Motifs are recurring structures, contrasts, and literary devices that can help to develop and inform the text's major themes.

Songs and Poetry

Throughout the novel there are songs and poetry that mean different things at different moments in time. When Obi is away at school his poetry is a kind of pull toward Nigeria, a calling and remembrance of home and yet, he writes these poems in English. While he is in Nigeria, there are many songs sung in his presence, some of which Obi also dissects using the English language but not without the Ibo pulling at his heart. It is as though, however, all of this poetry and song represents his desire for home and his heart's need for it. He has studied poetry in England, but poetry also links him to home—these poetic contradictions are all appropriate to the novel's ultimate struggle, which is that of the young man living under the end of a long colonial reign.

Proverbs

If allusions to English literature are what are constantly driving us toward England, it is the constant allusion to proverbs that drives us back to Africa. Achebe peppers his novel with proverb after proverb, making the novel specifically and strategically African.
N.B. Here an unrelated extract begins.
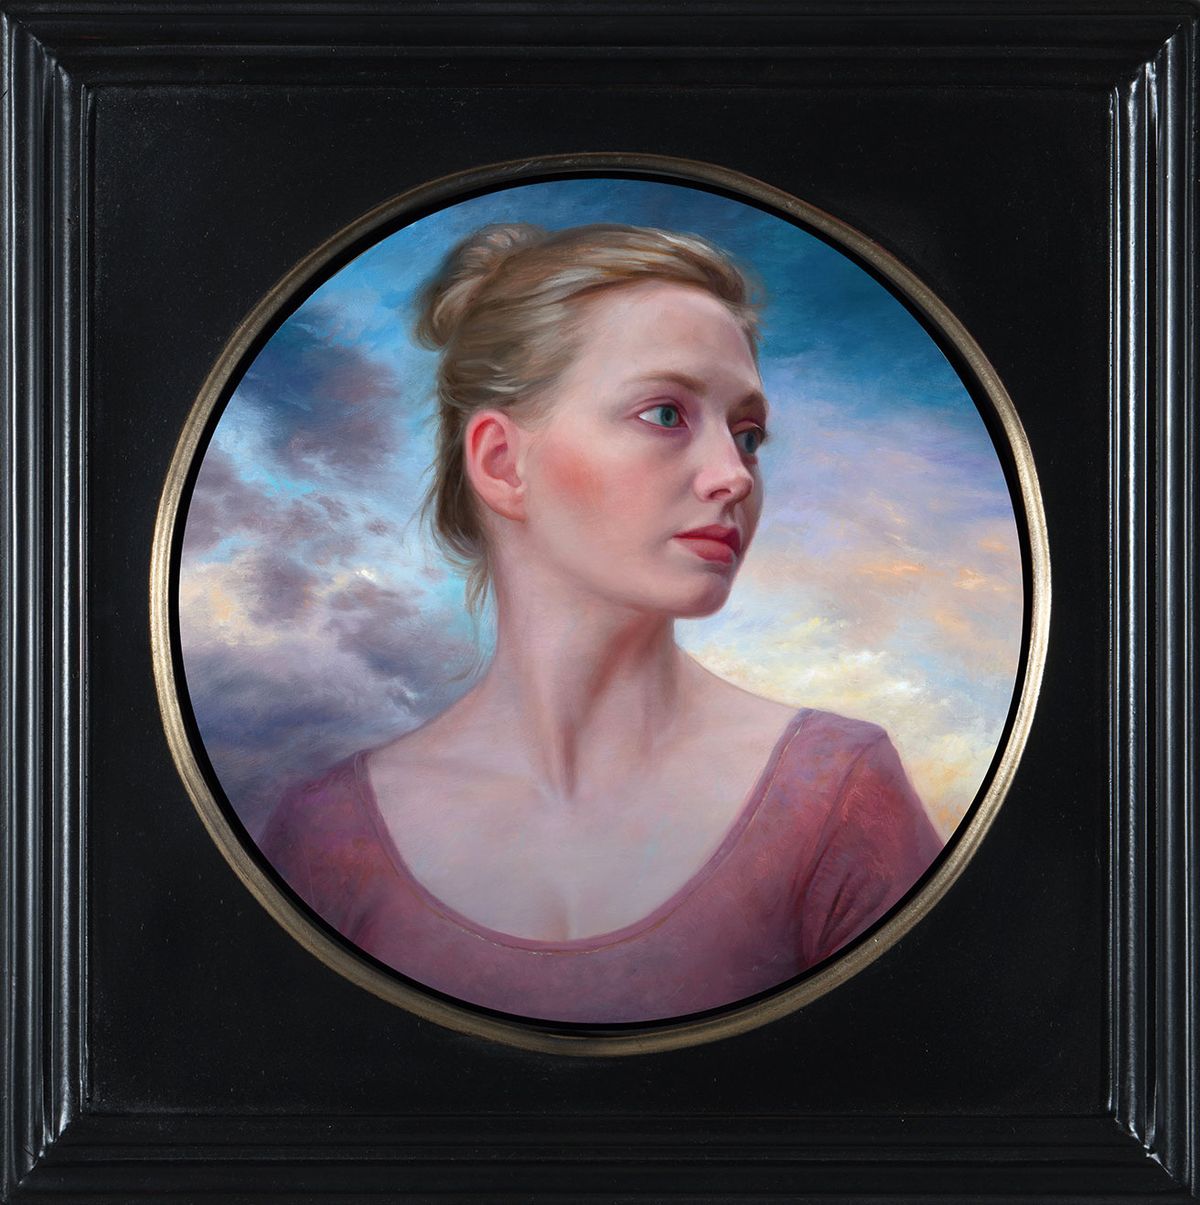 Das letzte Porträt in einem schönen runden Rahmen

Achebe, like Obi, is using the tools of colonialism for his own purposes; he is making the European form of the novel his own.

Language

The issue of language is omnipresent in the novel and is simply one of the many issues that arise out of a colonial society. Obi struggles between two tongues (Ibo and English) just as he does between two cultures. He was born into one language, and he obtained "knowledge" in the form of the other causing one of the basic problems throughout No Longer At Ease.